Download the application and provide settings specific to your deployment:

Clone the repository.

git clone https://github.com/YugabyteDB-Samples/ollama-news-archive.git

Install the application dependencies.

npm install
cd backend/ && npm install
cd news-app-ui/ && npm install

Configure the application environment variables in {project_directory/backend/.env}.

Set up YugabyteDB

Start a 3-node YugabyteDB cluster in Docker (or feel free to use another deployment option):

# NOTE: if the ~/yb_docker_data already exists on your machine, delete and re-create it
mkdir ~/yb_docker_data

docker network create custom-network

docker run -d --name yugabytedb-node1 --net custom-network \
    -p 15433:15433 -p 7001:7000 -p 9001:9000 -p 5433:5433 \
    -v ~/yb_docker_data/node1:/home/yugabyte/yb_data --restart unless-stopped \
    yugabytedb/yugabyte:2.23.1.0-b220 \
    bin/yugabyted start \
    --base_dir=/home/yugabyte/yb_data --background=false

docker run -d --name yugabytedb-node2 --net custom-network \
    -p 15434:15433 -p 7002:7000 -p 9002:9000 -p 5434:5433 \
    -v ~/yb_docker_data/node2:/home/yugabyte/yb_data --restart unless-stopped \
    yugabytedb/yugabyte:2.23.1.0-b220 \
    bin/yugabyted start --join=yugabytedb-node1 \
    --base_dir=/home/yugabyte/yb_data --background=false

docker run -d --name yugabytedb-node3 --net custom-network \
    -p 15435:15433 -p 7003:7000 -p 9003:9000 -p 5435:5433 \
    -v ~/yb_docker_data/node3:/home/yugabyte/yb_data --restart unless-stopped \
    yugabytedb/yugabyte:2.23.1.0-b220 \
    bin/yugabyted start --join=yugabytedb-node1 \
    --base_dir=/home/yugabyte/yb_data --background=false

The database connectivity settings are provided in the {project_dir}/.env file and do not need to be changed if you started the cluster with the preceding command.

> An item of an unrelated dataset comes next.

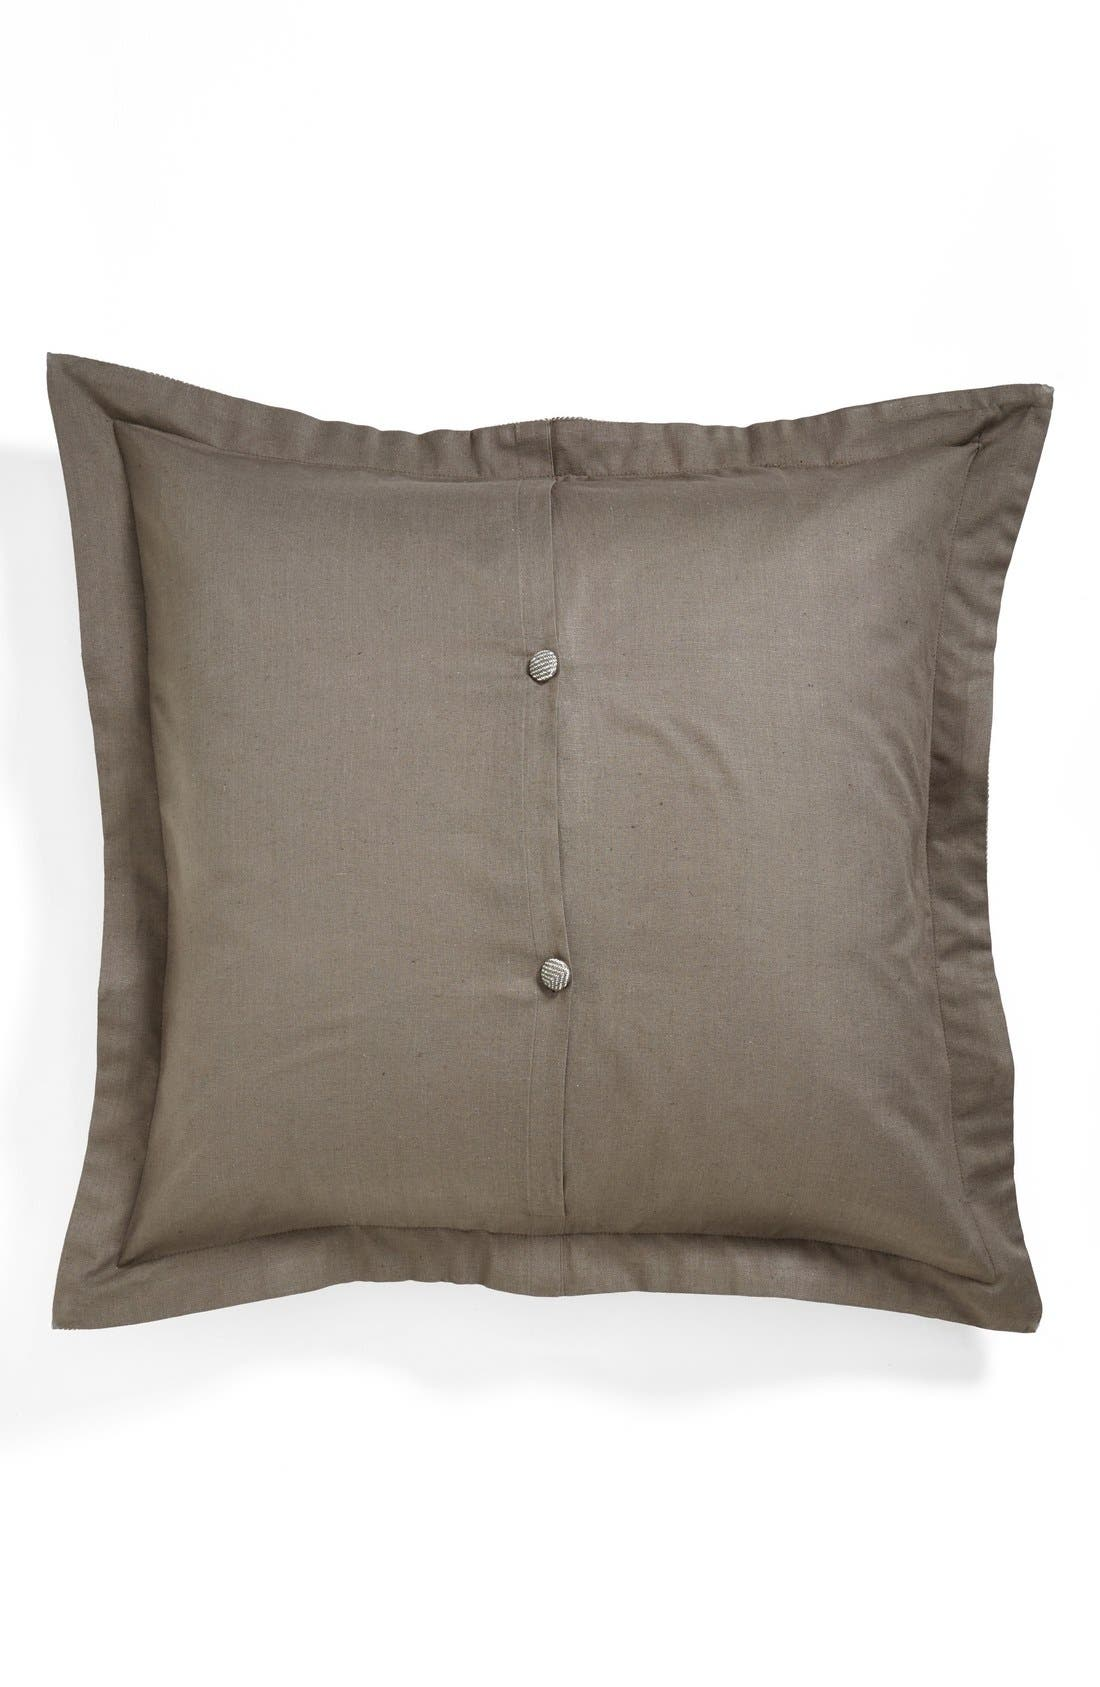 Alternate Image 2  - Amity Home 'Logan' Euro Pillow Sham

Navigate to the YugabyteDB UI to confirm that the database is up and running, at http://127.0.0.1:15433.

Get started with Ollama

Ollama provides installers for a variety of platforms, and the Ollama models library provides numerous models for a variety of use cases. This sample application uses nomic-embed-text to generate text embeddings. Unlike some models, such as Llama3, which need to be run using the Ollama CLI, embeddings can be generated by supplying the desired embedding model in a REST endpoint.

Pull the model using the Ollama CLI.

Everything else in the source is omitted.